The economic reforms that the CPC has been putting into effect, at varying tempo, since the late 70s have been creating at an ever accelerated pace the economic basis for the emergence of bourgeois and petty-bourgeois elements. And when this is combined with tirades against “left” tendencies “taking class struggle as the key link”, this cannot but become a potent weapon in the hands of the emerging bourgeois elements who want to lull the vigilance of the Chinese proletariat to the danger of capitalist restoration.

Yes, socialism must prove its superiority, not only in the political, but also in the economic field. Yes, the backward China of 1949 must be transformed into a modern and model industrial state, equipped with the most up-to-date technique and a skilled and cultured people. No one in their sane mind would denounce the CPC leadership for wanting to modernise China’s economy. However, this modernisation can be either along bourgeois or proletarian lines. And, to the Chinese working class and the vast masses of China, it is vital that it be along proletarian lines, for if it is not its consequences for the 1,200 million Chinese people would be too horrendous and horrible to contemplate. One has only to look at the plight of the working class of the former USSR and of the east European countries to realise that. These are the terms in which Cde Jiang himself described the consequences for China of departing from the socialist path:

“If China does not persist in socialism in the years to come but instead chooses, as some people advocate, to return to the capitalist road – and thus once more give rise to a capitalist class by fattening it with the sweat and toil of her labouring people – then with so huge a population, so low a level of productive forces, the majority of the people can only be reduced once more to an extremely impoverished status.

“This kind of capitalism can only be primitive capitalism of the comprador type [compradors were Chinese merchant intermediaries of Western interest from the end of the 19th century]. It can only reduce the Chinese people of all nationalities once more to dual enslavement by the foreign capitalists and China’s own exploiting classes”. (Speech on the 40th Anniversary of the founding of the Peoples’ Republic of China).

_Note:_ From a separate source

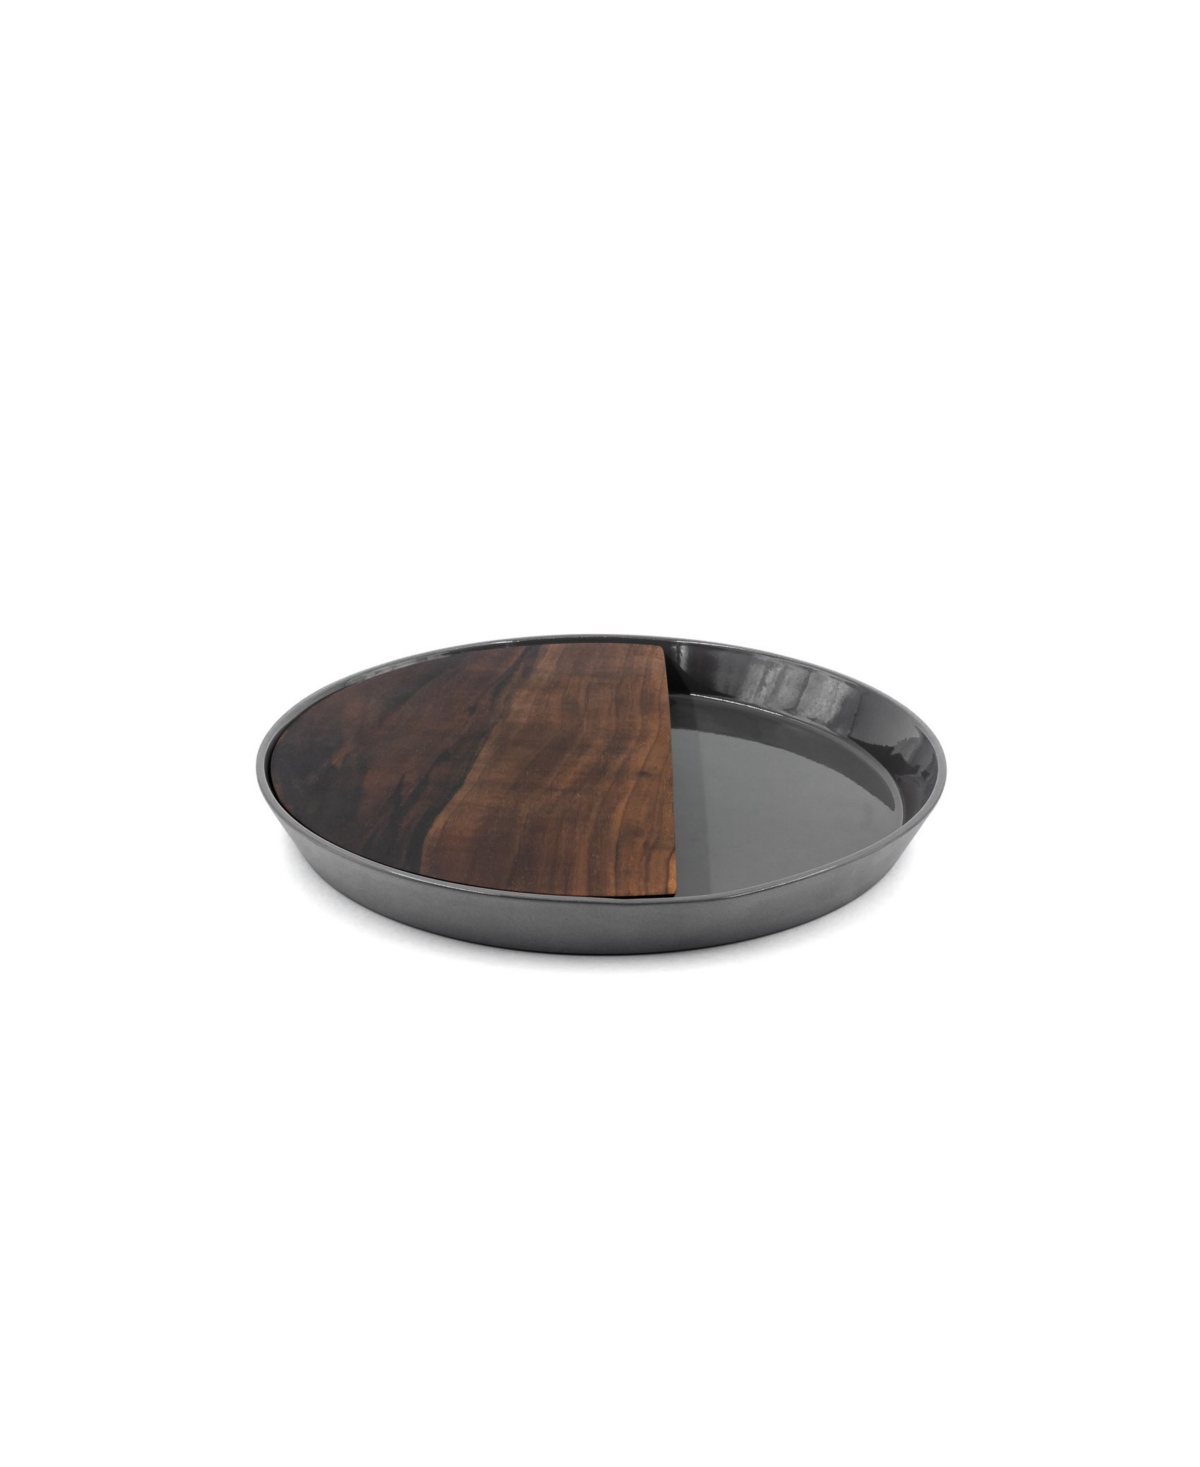 Bomshbee Eclipse Round Serving Platter with Wood Board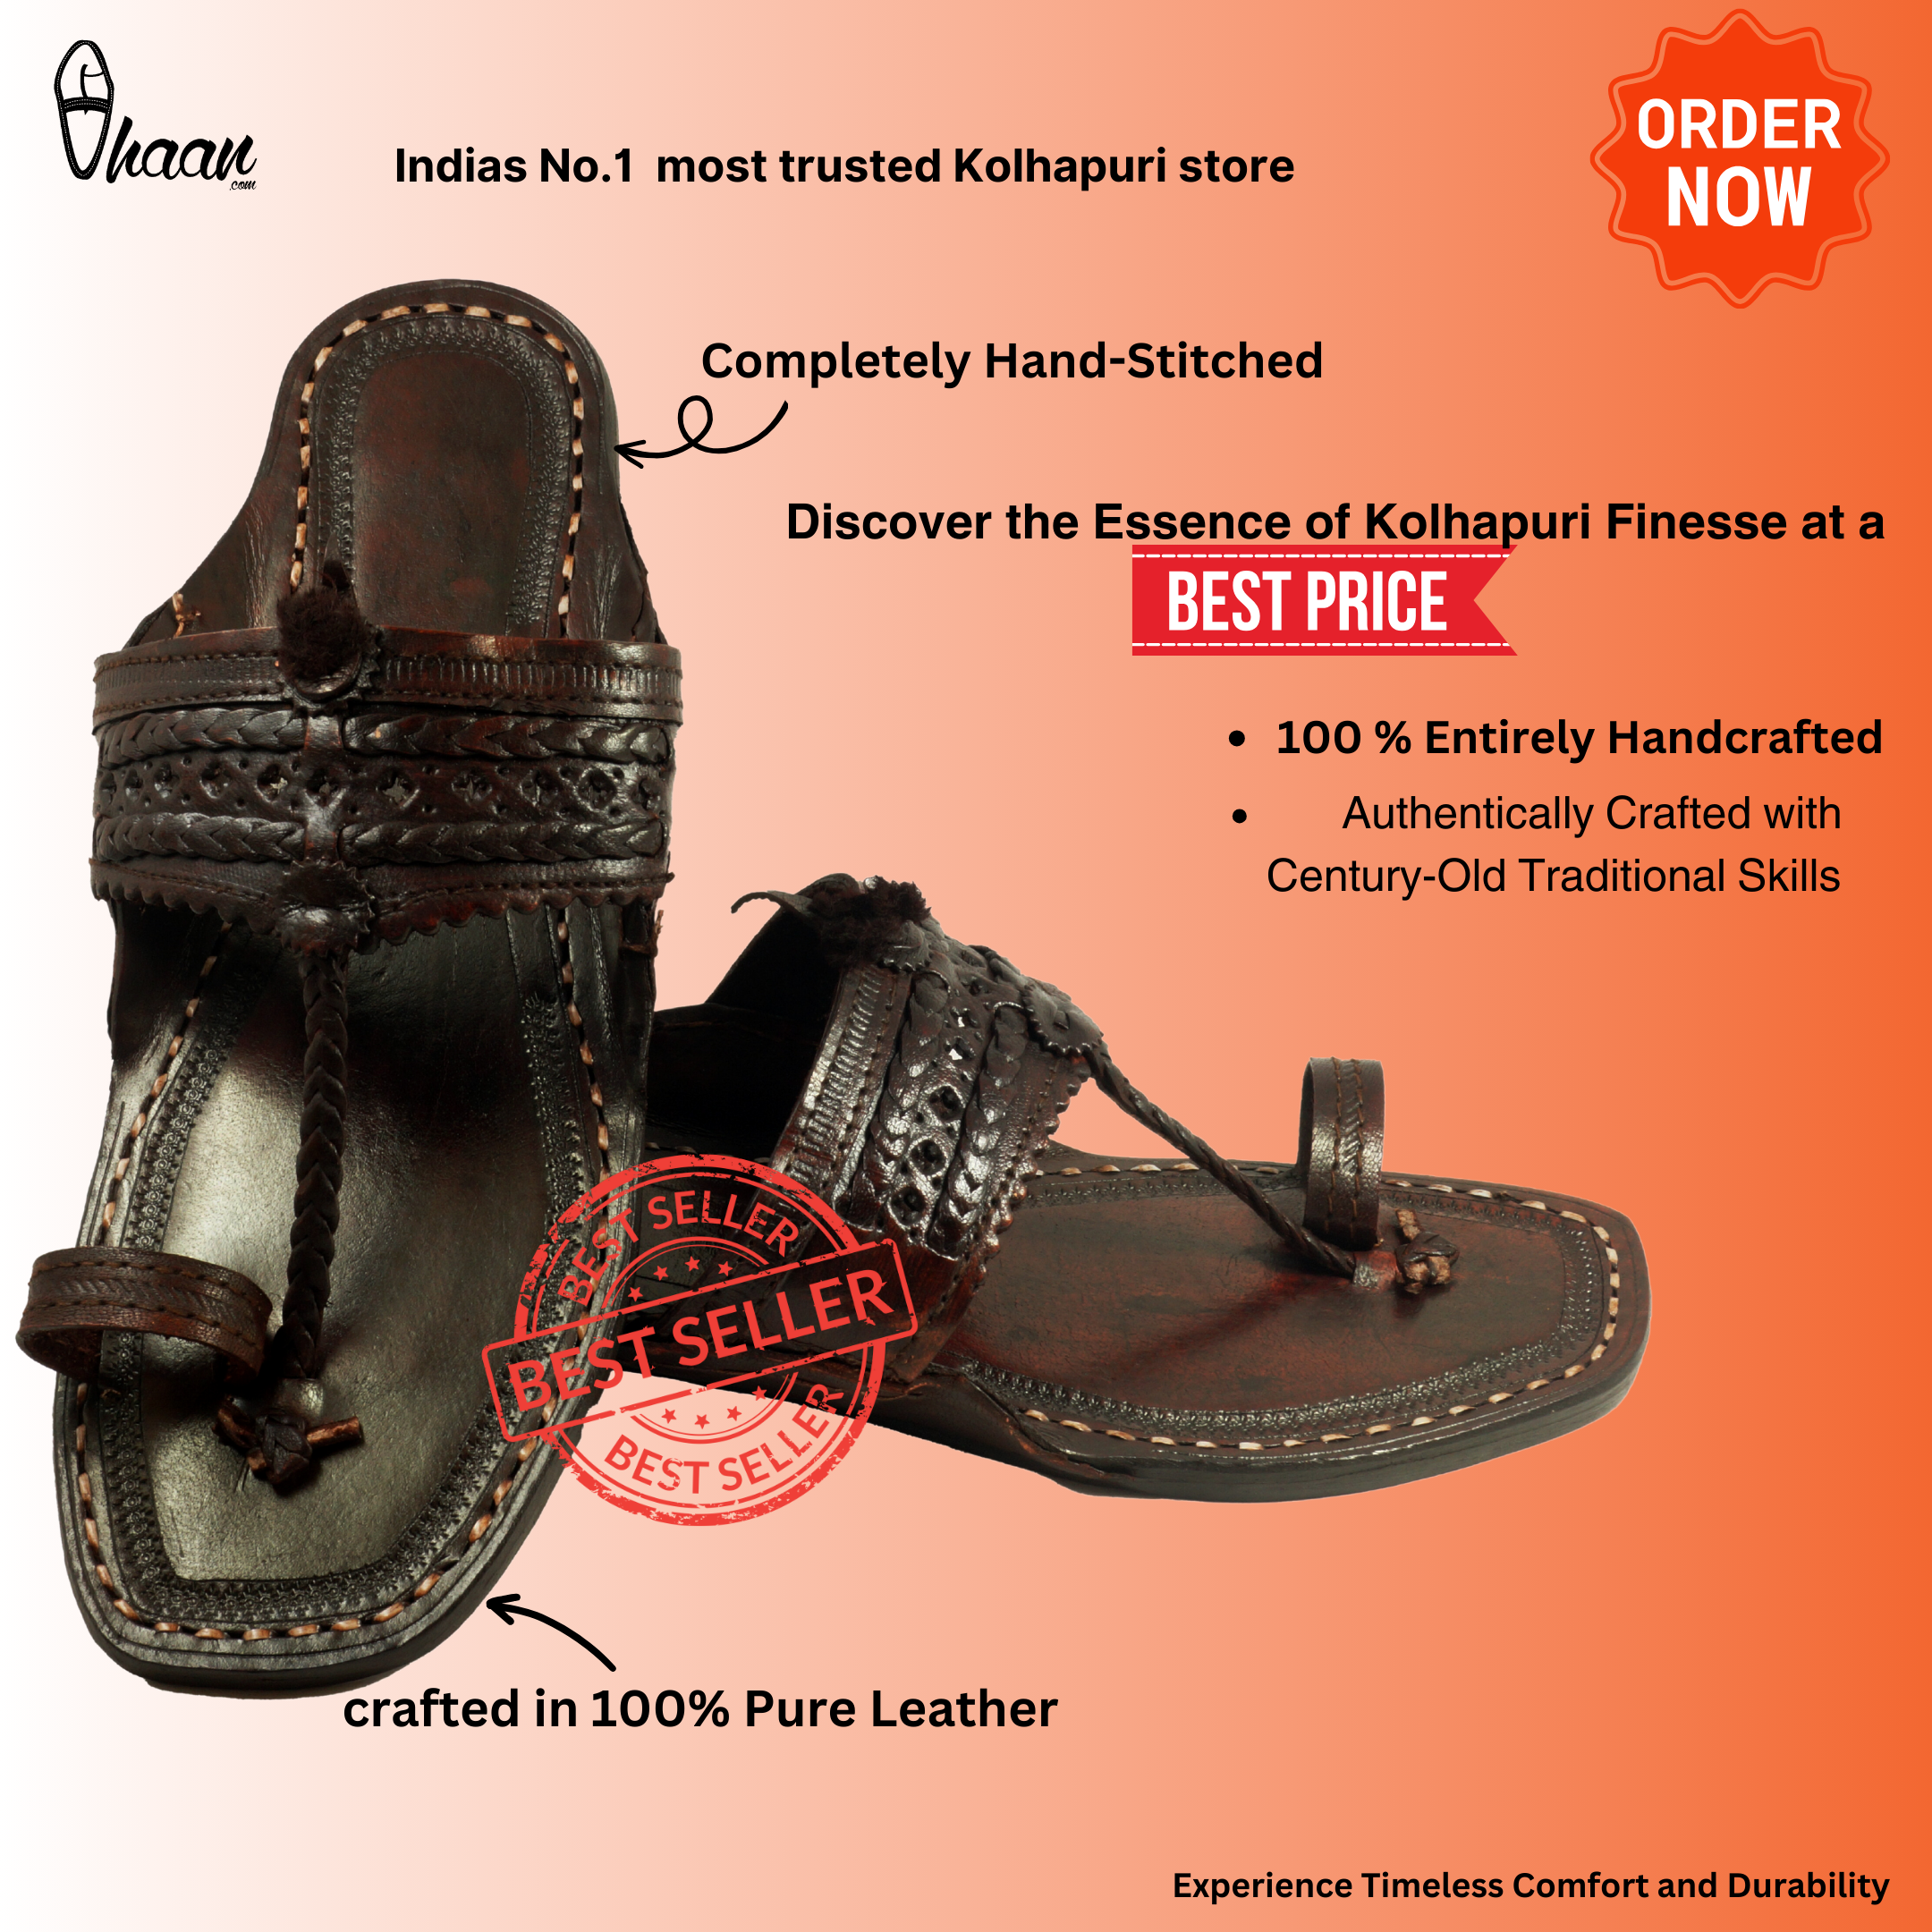 Powerhouse Collection - Pair of mens sandals from India

We have made the above critical observation, not out of malice or hostility, or even an urge to criticise. We have done this guided by a spirit of proletarian internationalism and out of concern for the interests of the Chinese people. We end this article by yet again expressing the hope that the CPC will feel willing and able to put an end to its present economic reforms which go under the name of building socialism with Chinese characteristics, for denuded of its camouflage and verbiage it turns out to be another name for building a capitalist market economy, and calling it a “socialist market economy” does not change matters one whit. Once again we wish the Chinese working class every success in tackling these problems.